Chardonnay

También conocida como “Chardoney”, “Feinburgunder”, “Morillon”, “Pino Shardone” o “Pinot Chardonnay”, la Chardonnay es un tipo de uva originaria de Borgoña, una de las regiones vitícolas más importantes de toda Francia. Aunque hoy en día crece en prácticamente cualquier parte del mundo, desde Estados Unidos a Nueva Zelanda, pasando por España.

La Chardonnay es una de las variedades de uva más extendidas y populares internacionalmente, y actualmente es la que más se cultiva. Se estima que hay alrededor de 160.000 hectáreas de Chardonnay plantadas en todo el mundo, de las cuales alrededor de 50.000 se encuentran en Francia.

 

Características de la uva Chardonnay

Cepa de uva blanca, la Chardonnay es una de las más utilizadas para elaborar vino blanco. De maduración temprana, es una uva altamente resistente y versátil, adaptándose a la perfección a diferentes tipos de suelos y climas. De ahí que sea una de las uvas más cultivadas en todo el mundo.

Se caracteriza por tener una piel verde/amarillo pálido, lo que hace que los vinos Chardonnay presenten unos detalles verdosos a la vez que dorados.

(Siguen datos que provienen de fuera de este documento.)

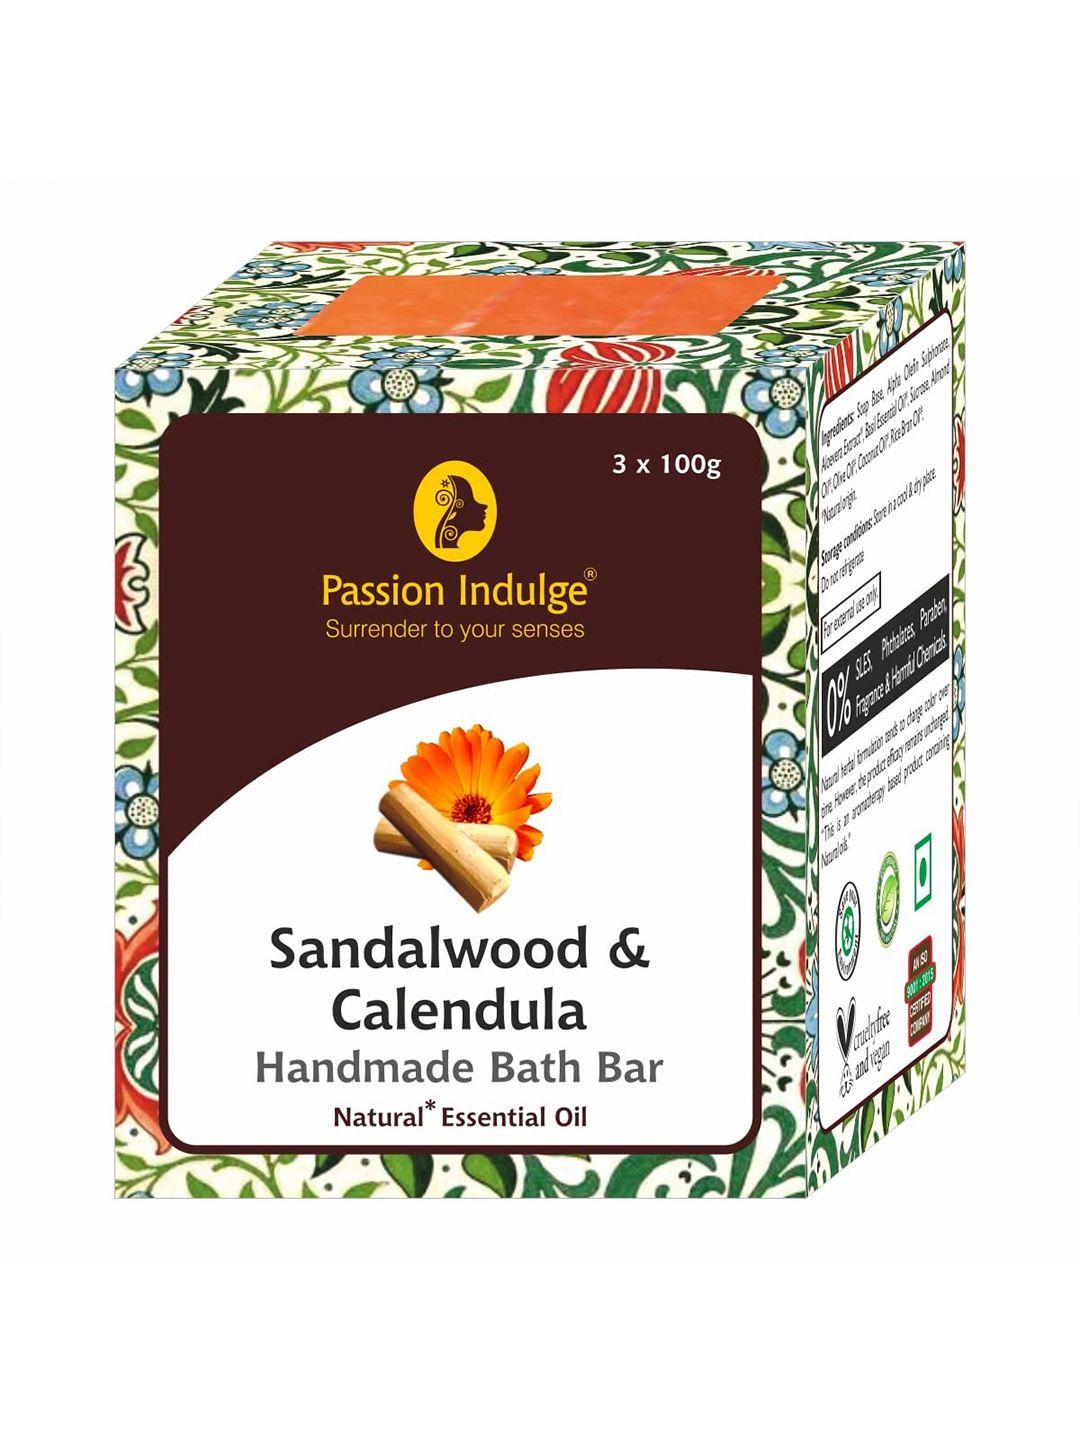 passion indulge pack of 3 natural handmade sandalwood & calendula bath bar soaps

El racimo es pequeño, con una compacidad media/elevada y un corto pedúnculo, así como las bayas, que por lo general son muy uniformes.

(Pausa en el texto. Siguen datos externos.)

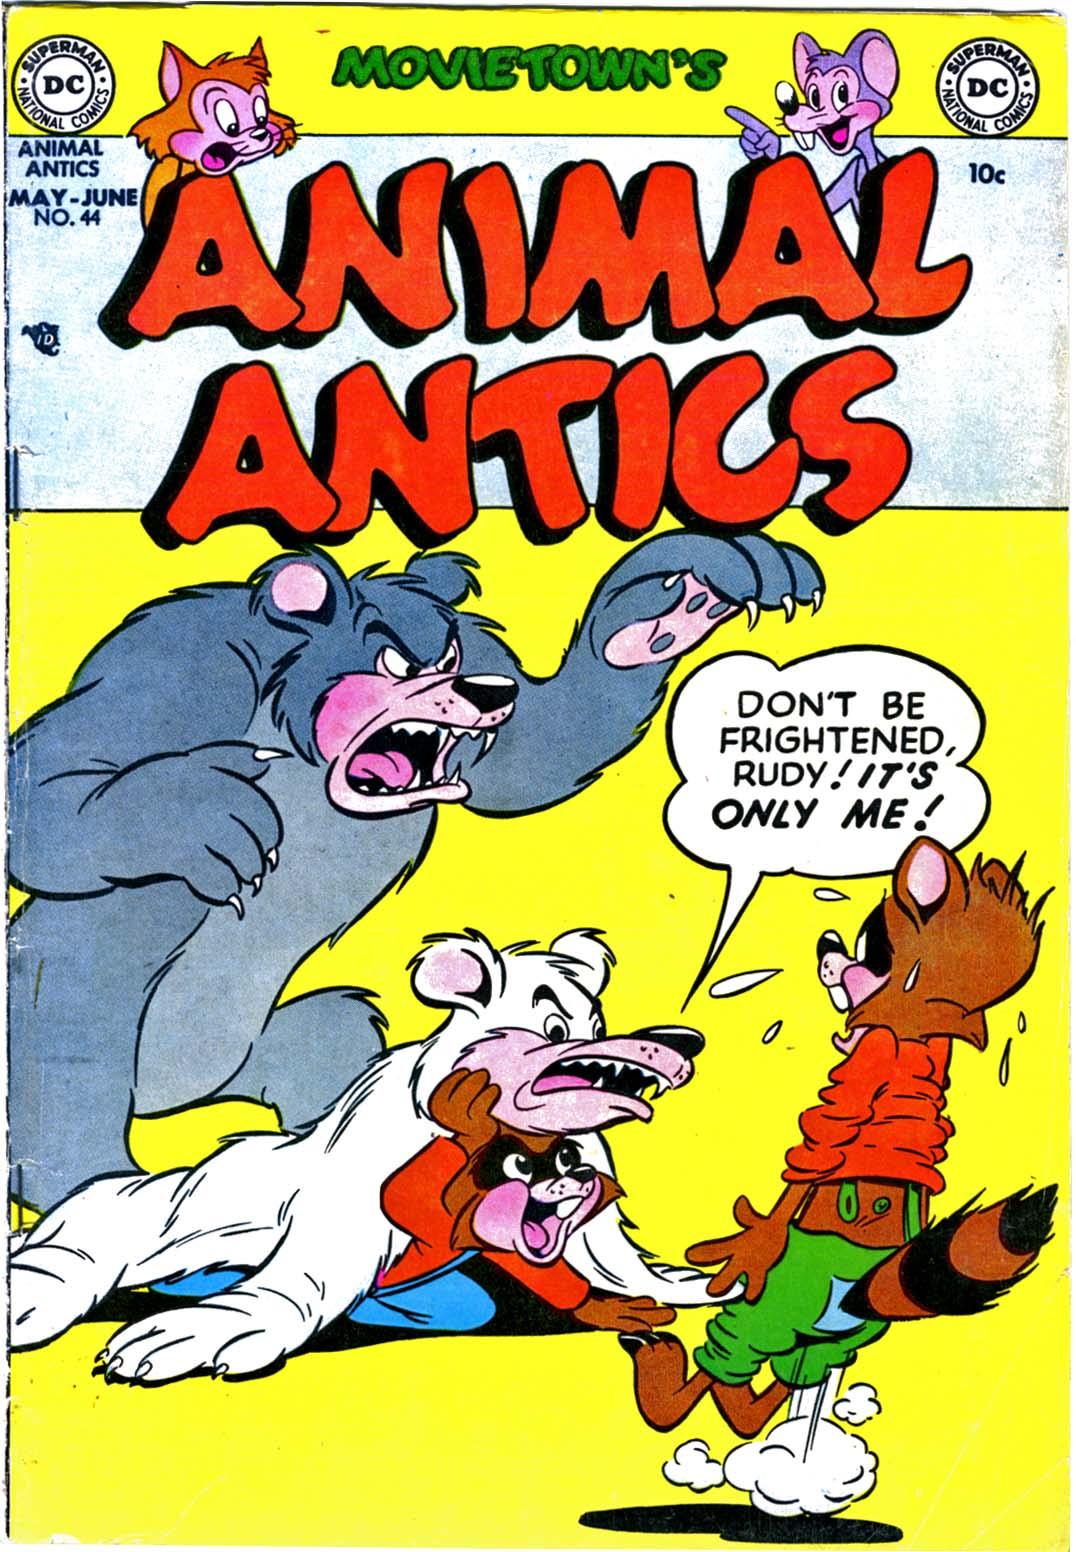 Movietown's Animal Antics Vol. 1 #44

A pesar de su resistencia, aunque no suelen afectarle los hongos de la madera, sí puede verse afectada por los cicadélidos, los ácaros y la polilla. Asimismo, aunque aguanta bien los inviernos fríos, es un tipo de uva sensible a las heladas.

 

Características del vino Chardonnay

Los vinos Chardonnay presentan aromas frutales con matices cítricos y tropicales, como la piña, la pera o el limón.

En boca son vinos no demasiado ácidos y bastante dulces, consiguiendo una excelente armonía con los matices afrutados.

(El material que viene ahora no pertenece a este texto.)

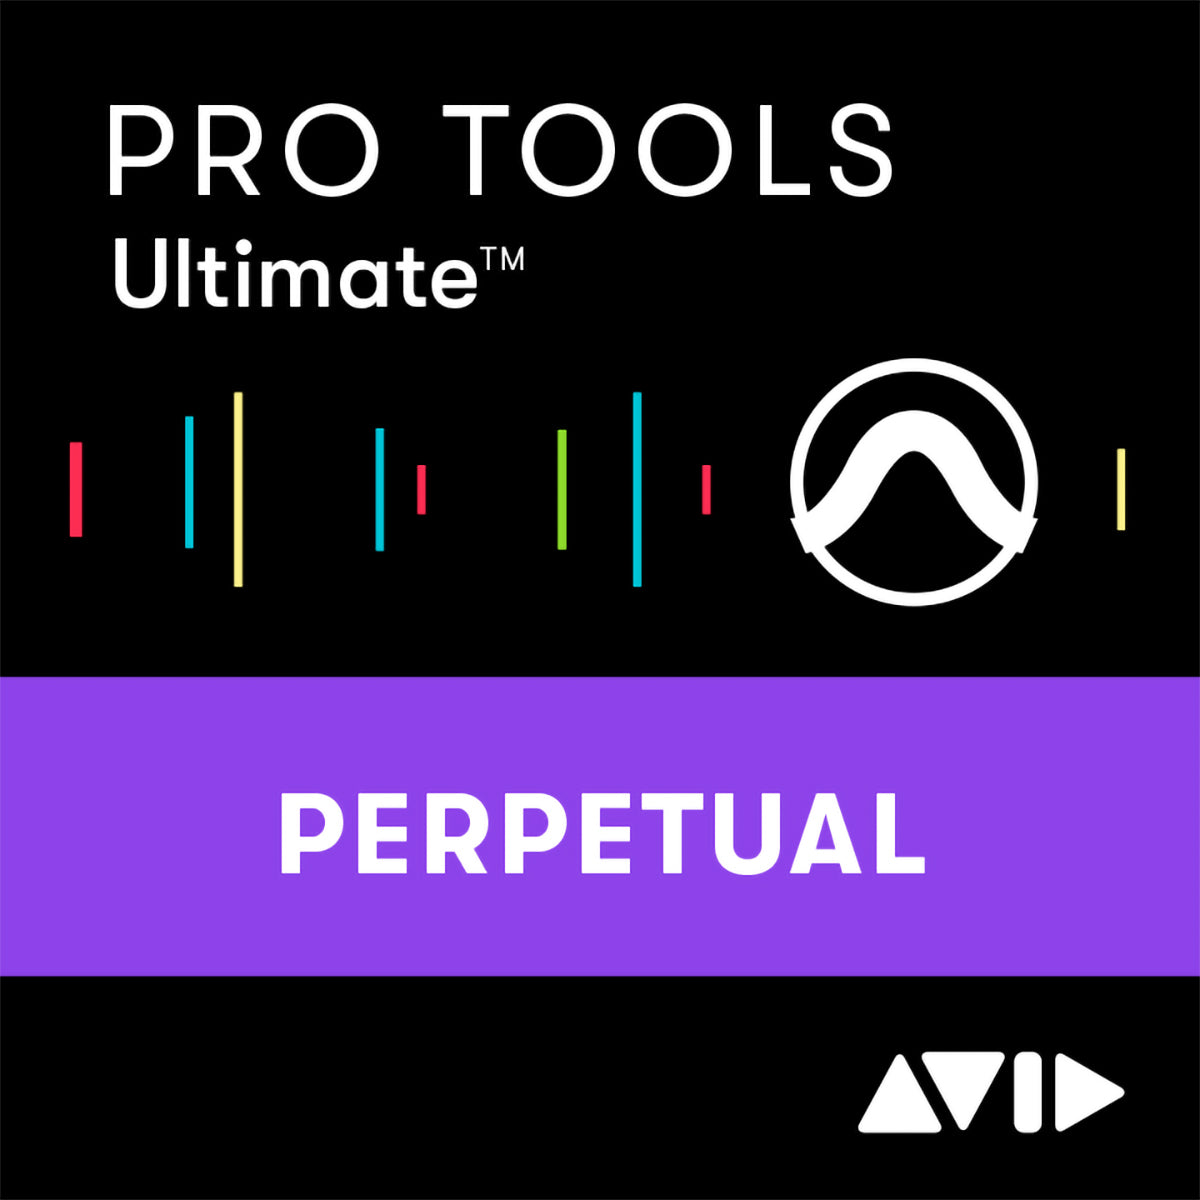 Avid Pro Tools Ultimate Perpetual Upgrade – was Pro Tools Ultimate Perpetual Updates + Support Plan Renewal

Por sus características, la variedad Chardonnay sirve para elaborar vinos ricos, gruesos y espesos, perfectos para envejecer en botella. Así como vinos más frescos y ligeros, más jóvenes. La Chardonnay también es una de las uvas con las que se elabora el Champagne.

Los vinos Chardonnay son siempre blancos, con aspecto luminoso y elegante con detalles verdes y dorados debido a su juventud, en los que predomina el aroma afrutado.